● DATASET SECTION
□ □ □ □ □ □ □

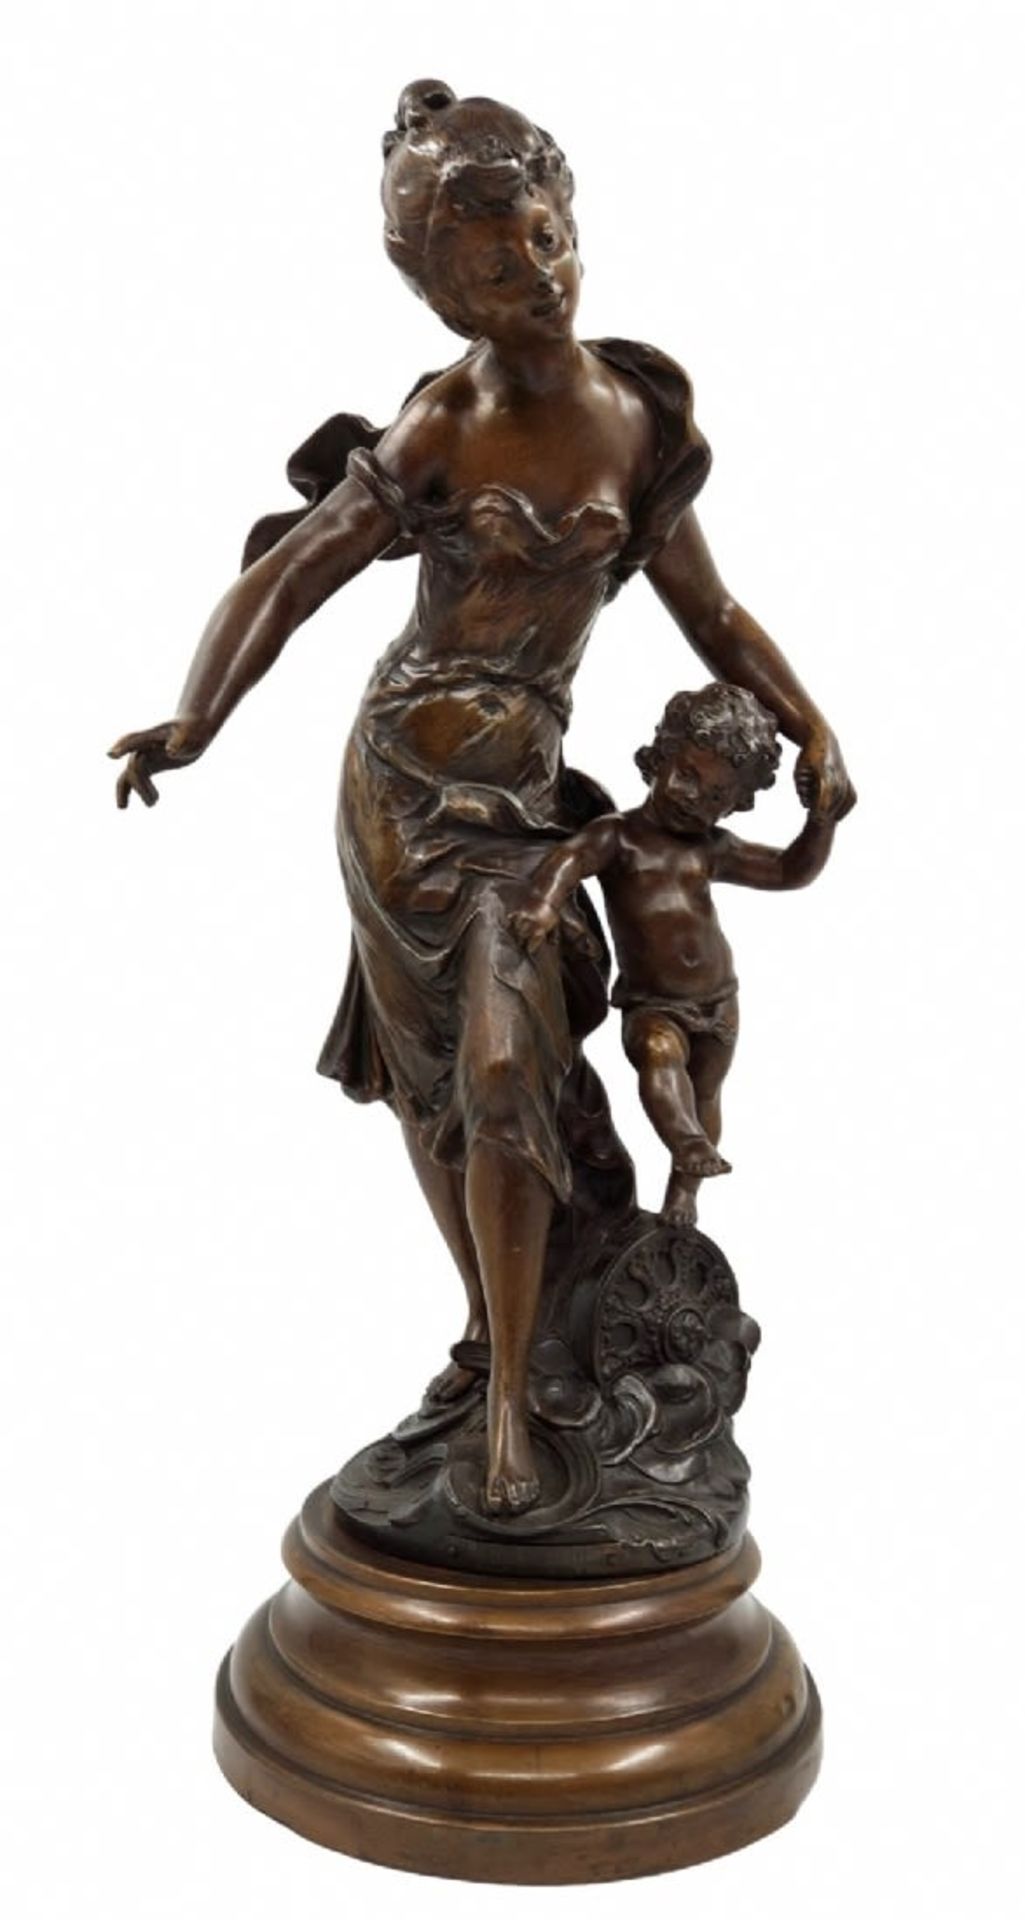 Auguste Moreau (French 1834-1917) - 'Fortuna and Cupid', an antique French sculpture from the last
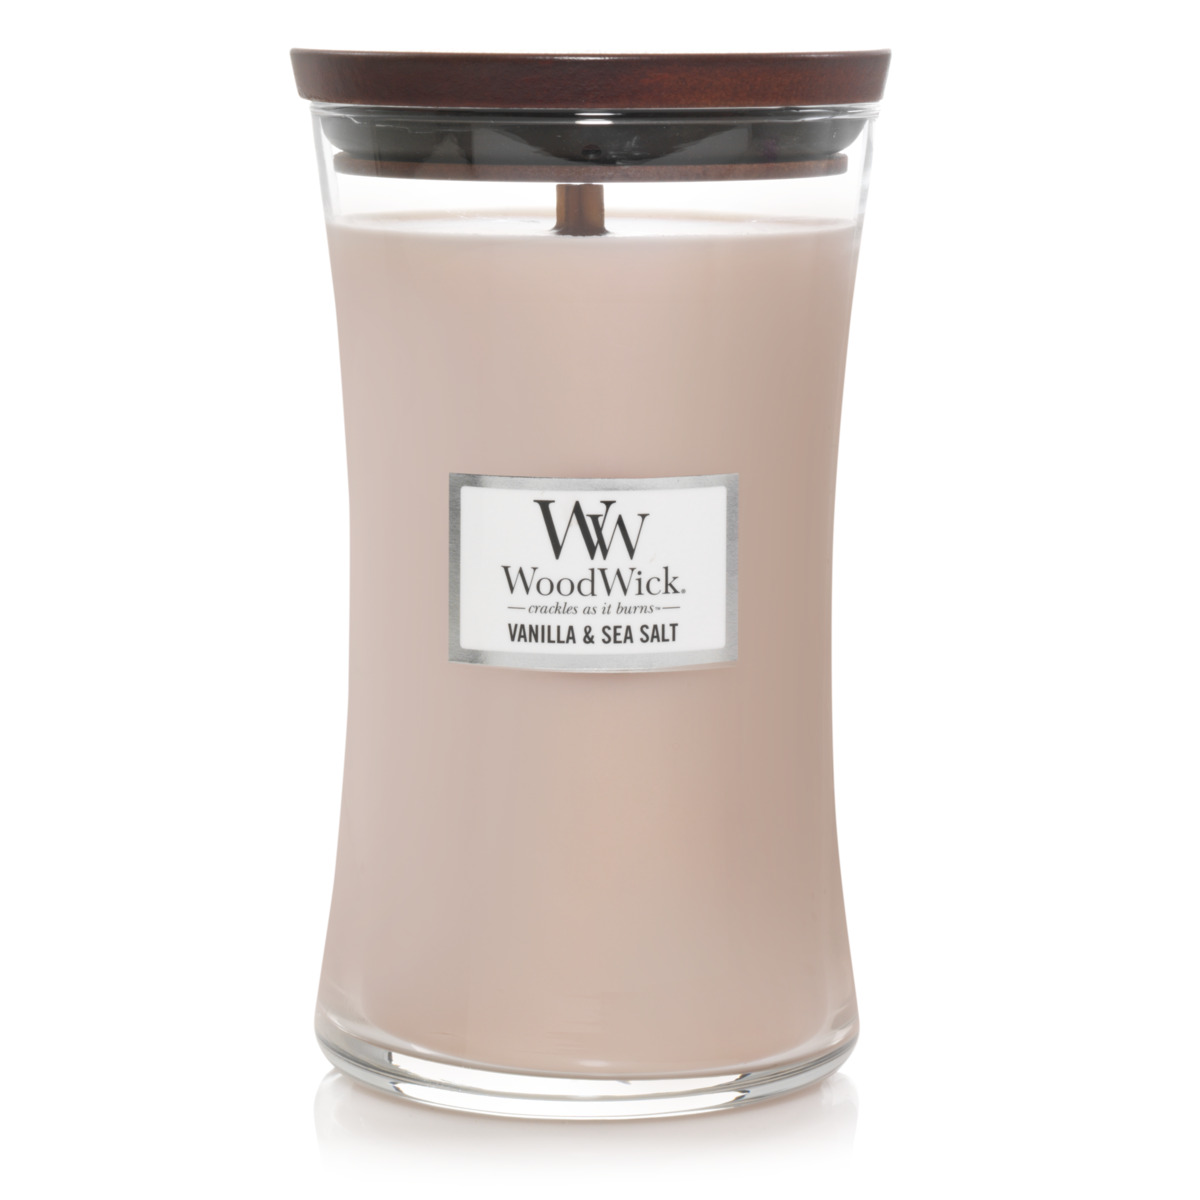 WoodWick Vanilla & Sea Salt, Scented Candle, Classic Hourglass Jar, Large 7-inch, 21.5 Ounce - image 1 of 5
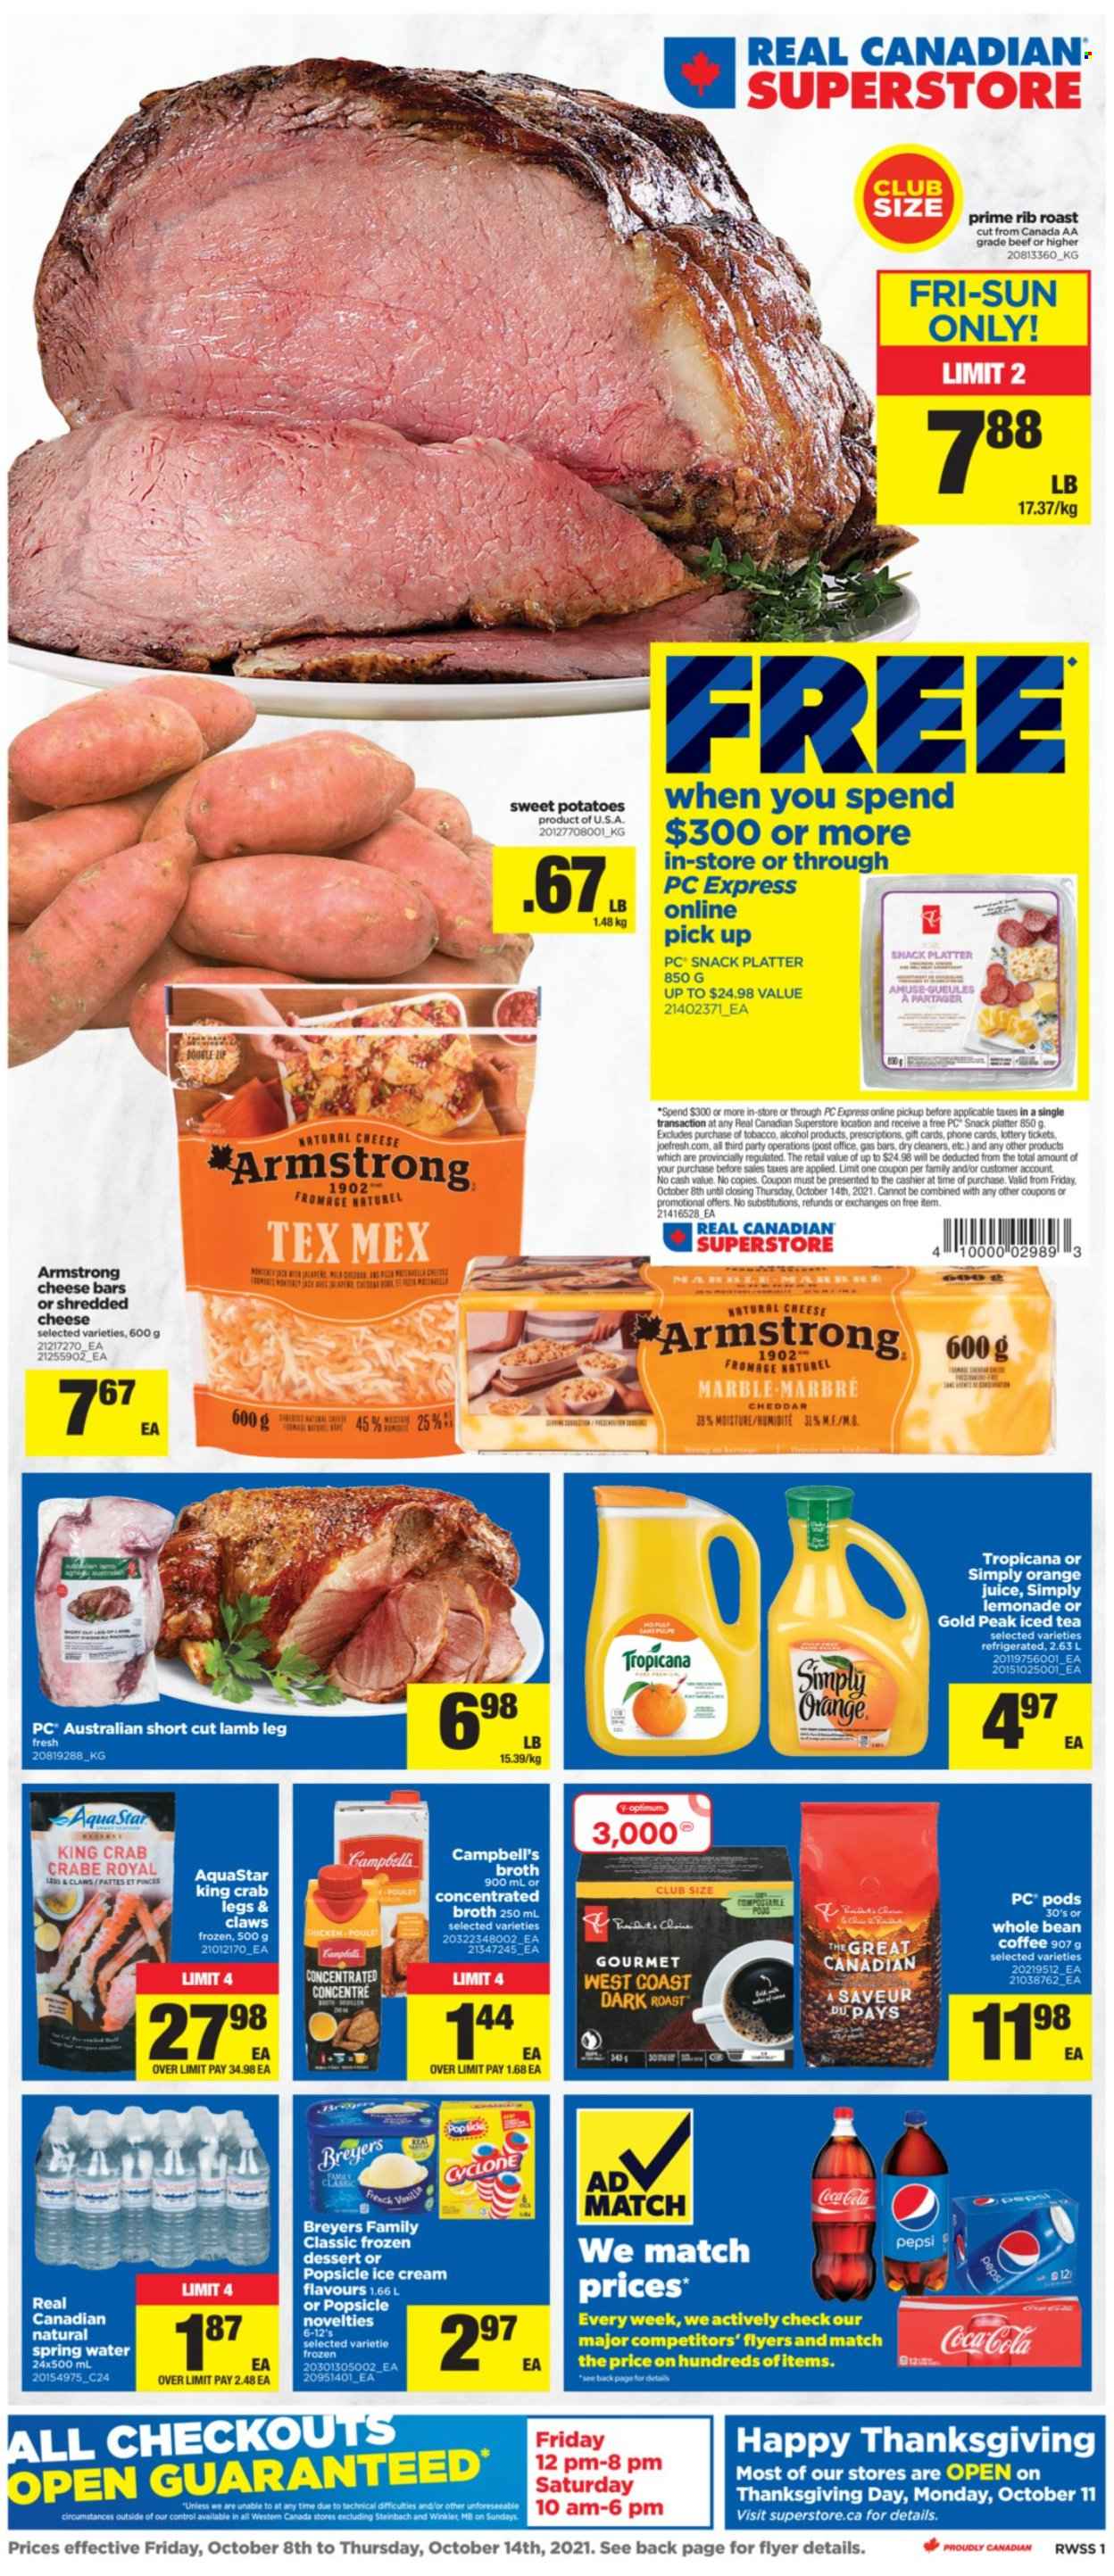 thumbnail - Real Canadian Superstore Flyer - October 08, 2021 - October 14, 2021 - Sales products - sweet potato, potatoes, king crab, crab legs, crab, Campbell's, shredded cheese, cheddar, ice cream, snack, broth, Coca-Cola, lemonade, Pepsi, orange juice, juice, ice tea, spring water, coffee, alcohol, lamb meat, lamb leg. Page 1.

□ □ □ □ □ □ □

● TASK OBJECTIVE
Apart from the pictures, all of the data should be repeated exactly.

● OUTPUT BELOW
 Auguste Moreau (French 1834-1917) - 'Fortuna and Cupid', an antique French sculpture from the last
 WoodWick Vanilla & Sea Salt, Scented Candle, Classic Hourglass Jar, Large 7-inch, 21.5 Ounce - image 1 of 5
 thumbnail - Real Canadian Superstore Flyer - October 08, 2021 - October 14, 2021 - Sales products - sweet potato, potatoes, king crab, crab legs, crab, Campbell's, shredded cheese, cheddar, ice cream, snack, broth, Coca-Cola, lemonade, Pepsi, orange juice, juice, ice tea, spring water, coffee, alcohol, lamb meat, lamb leg. Page 1.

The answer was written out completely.